Negli anni venti tutti i governi baltici attuarono radicali riforme agrarie intese a spezzare il latifondo (proprietà quasi esclusiva del patriziato tedesco in Estonia e in Lettonia). La vita politica fu tuttavia dominata dall’instabilità (20 governi si susseguirono in Estonia fino al 1934) e influenzata negativamente dalla precaria situazione geopolitica di una regione sospesa fra le mire di tre vicini: l’Unione Sovietica, la Germania (che teneva aperto un contenzioso con la Lituania su Memel, l’attuale Klaip˙eda, città portuale a maggioranza tedesca) e la Polonia.
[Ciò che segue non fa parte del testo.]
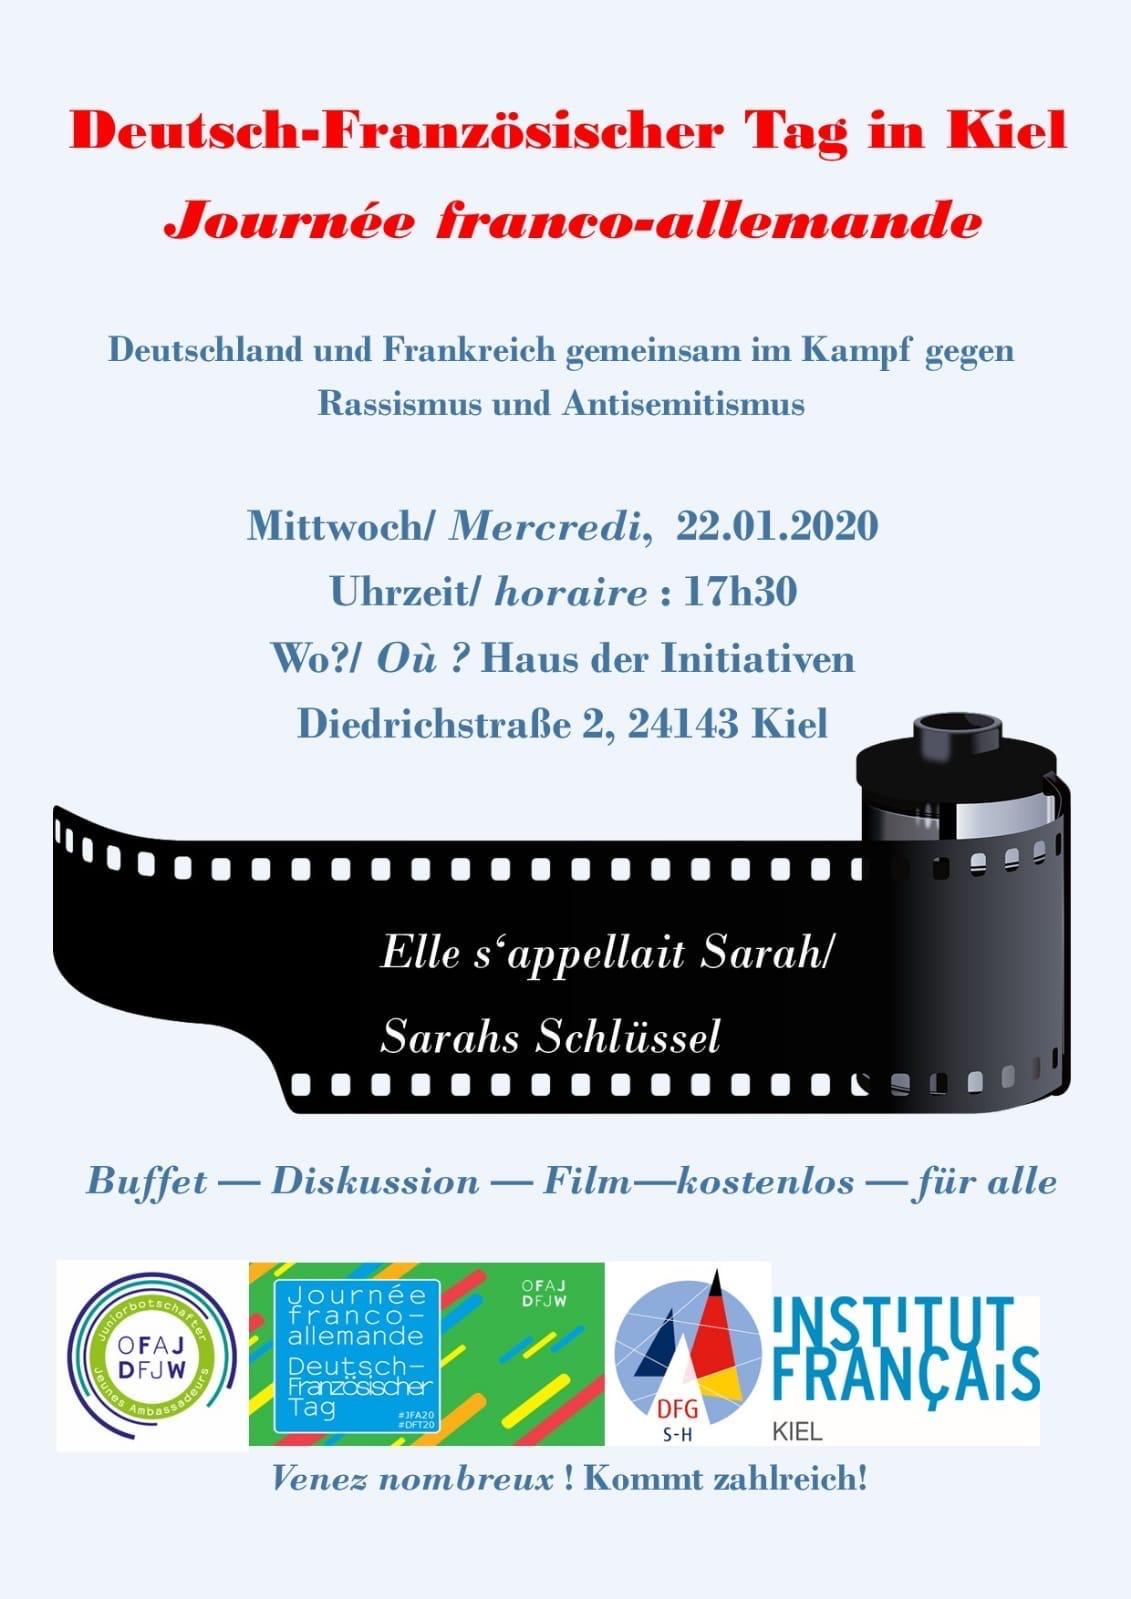 Deutsch-Französischer Tag: Film, Diskussion & Buffet

Nel 1926, proprio la firma di un patto di non aggressione lituano-sovietico portò al colpo di Stato militare attuato dalle forze che si opponevano al riavvicinamento all’URSS. Il regime autoritario guidato da Antanas Smetona restò in piedi fino al 1940.
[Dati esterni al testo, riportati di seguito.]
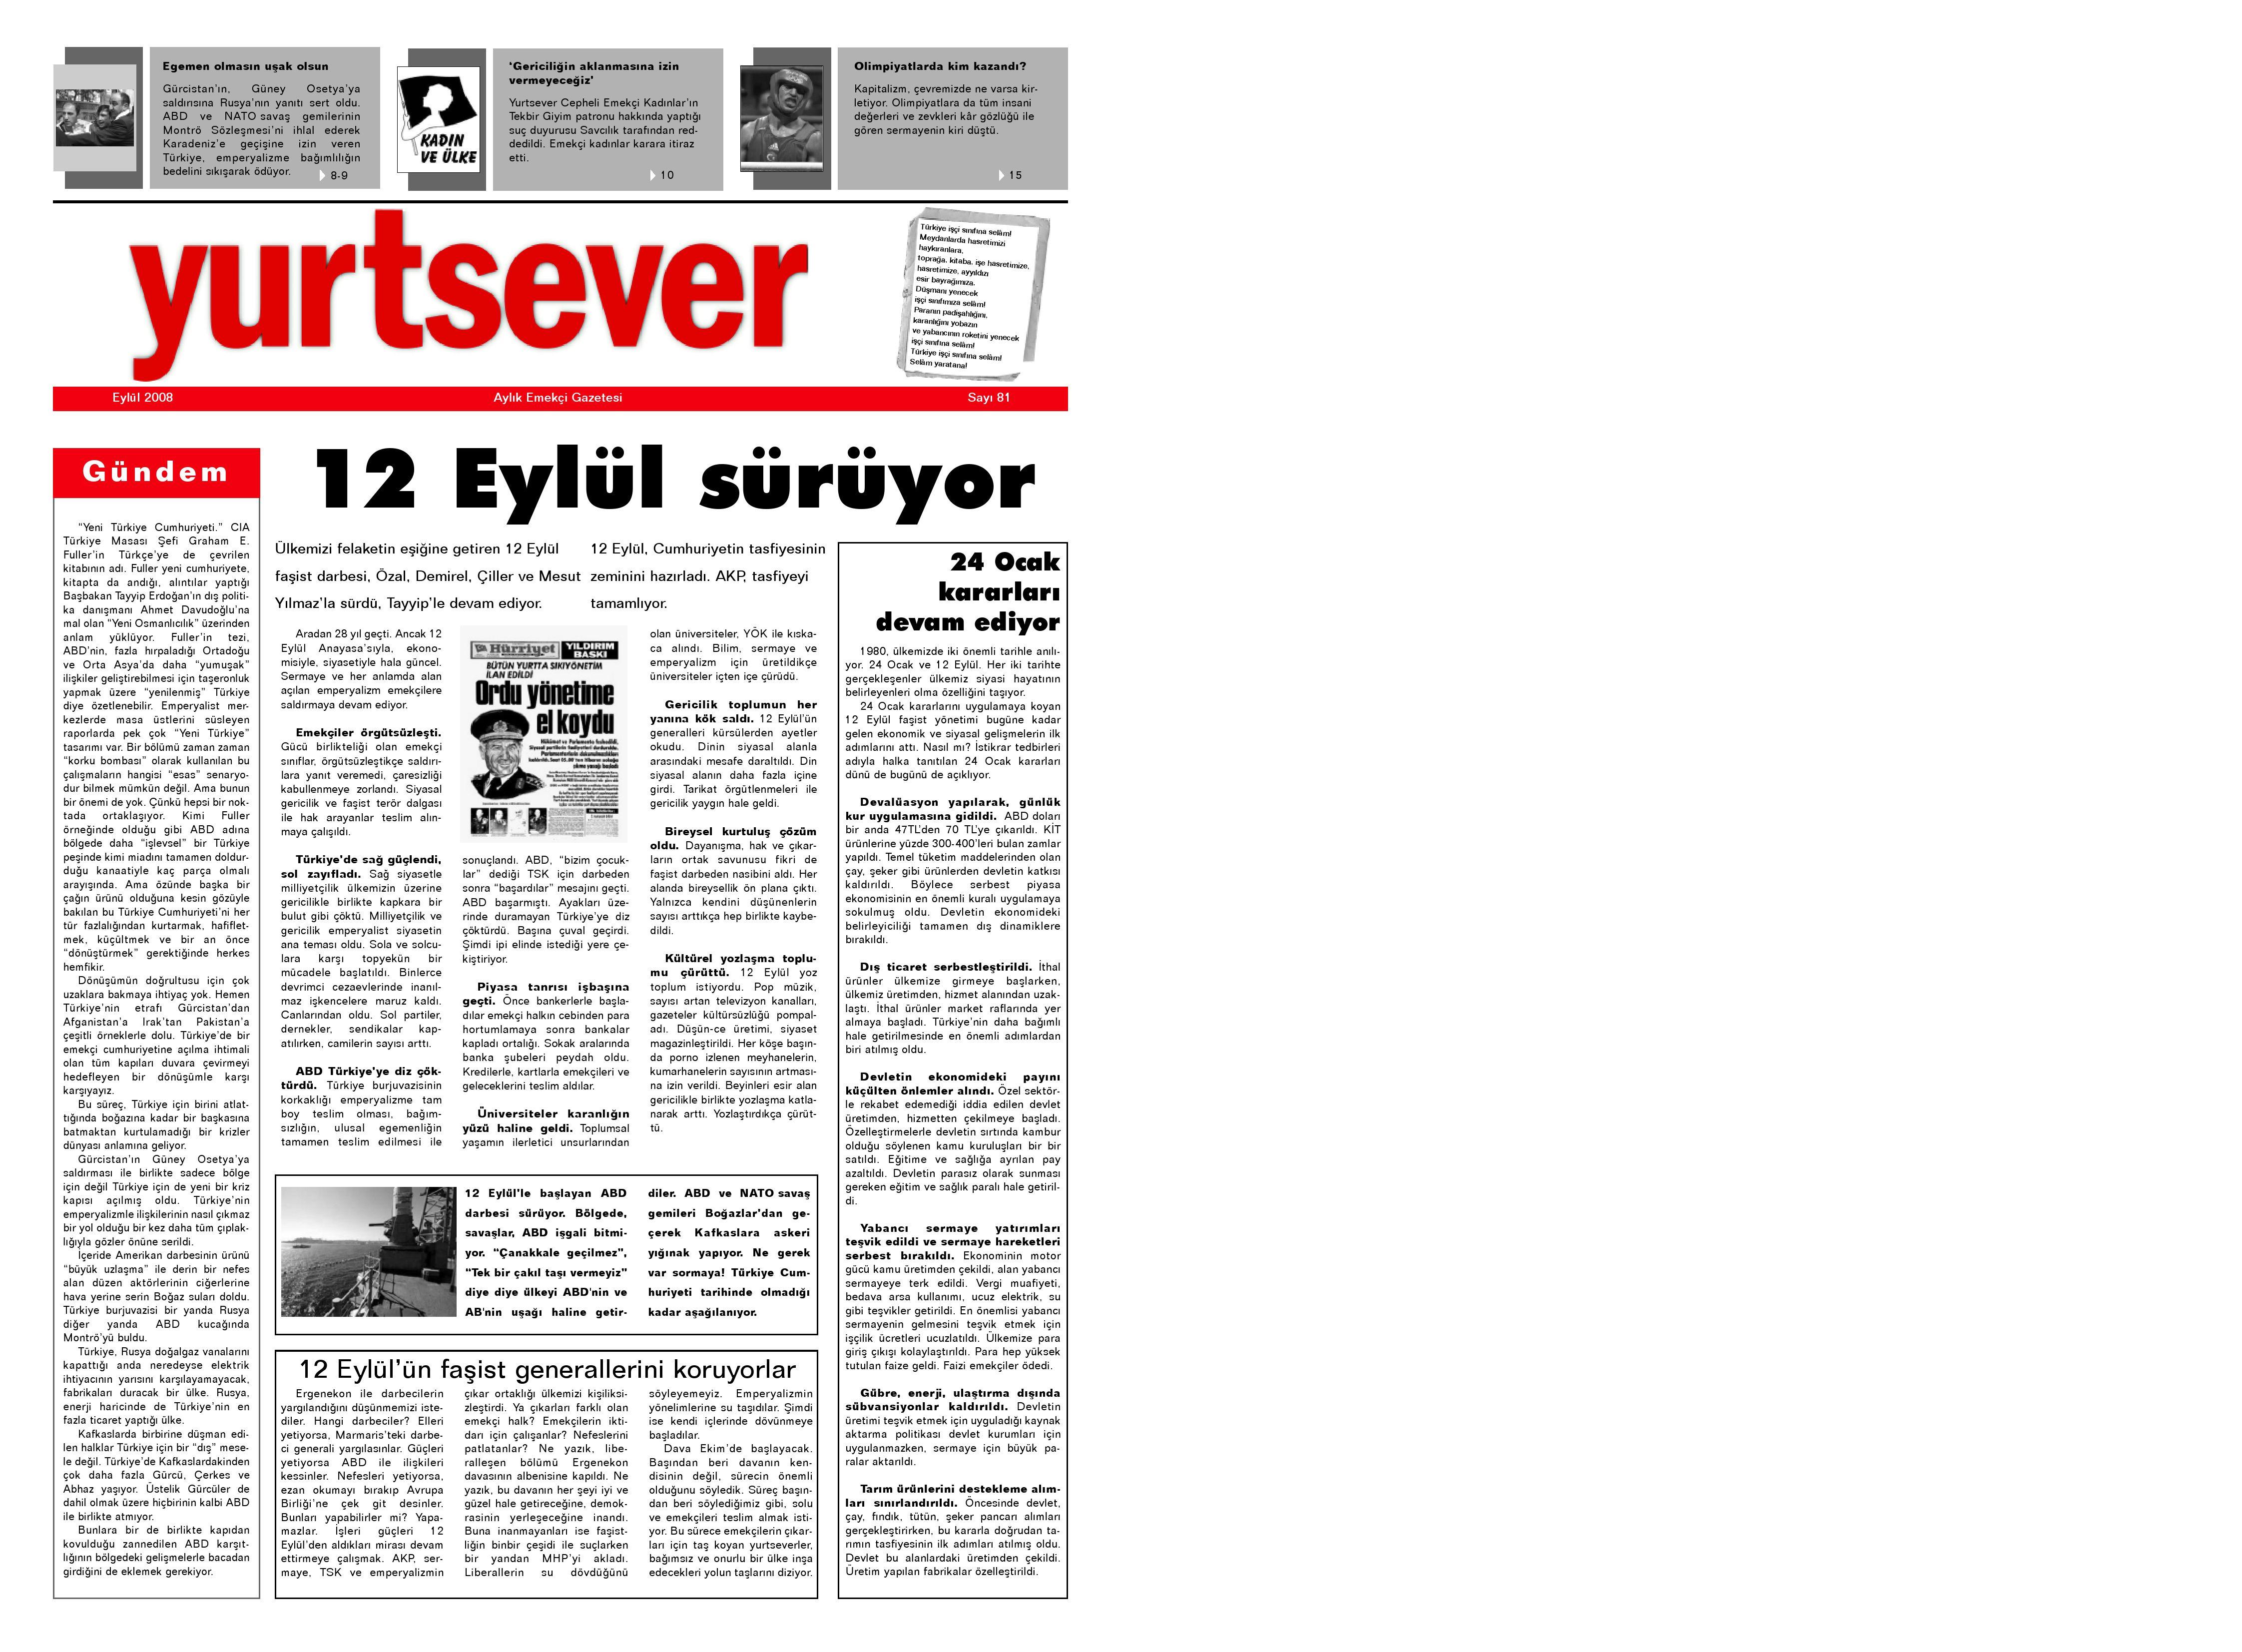 Yurtsever 81 Eylul 2008 By Turkiye Komunist Partisi Tkp Issuu

Nonostante questo sgradevole precedente, i governi di coalizione estone e lettone decisero di imitare la Lituania per rafforzare la sicurezza dei rispettivi Stati ed entro il 1932 strinsero patti di non aggressione con l’Unione Sovietica. Nel 1933 l’ascesa al potere di Hitler spinse i paesi baltici a rafforzare la propria cooperazione. Il 12 settembre 1934 venne costituita la cosiddetta “Intesa baltica”, un patto decennale che escludeva i contenziosi territoriali fra gli stessi paesi baltici. Secondo Ralph Tuchtenhagen, tale formazione nasceva debole proprio in quanto ognuno dei tre Stati si contrapponeva a una diversa potenza europea: l’Estonia all’URSS, la Lettonia alla Germania, la Lituania alla Polonia 95. Il rafforzamento dei conflitti etnici e la crisi economica mondiale mandarono in crisi il pluralismo politico. Nella primavera del 1934, colpi di Stato incruenti attuati in Estonia e in Lettonia portarono allo smantellamento del regime parlamentare, sostituito da governi presidenziali di carattere autoritario e dai tratti corporativi, sostenuti da milizie paramilitari e ispirati a un nazionalismo al tempo stesso intransigente e “integrativo”. Al momento dello scoppio della Seconda guerra mondiale la regione baltica era governata da regimi ormai stabili, che raccoglievano il consenso di buona parte della popolazione nonostante le diverse opinioni politiche. Fu l’evoluzione della situazione internazionale nel 1938-39 a decretare la fine della loro indipendenza.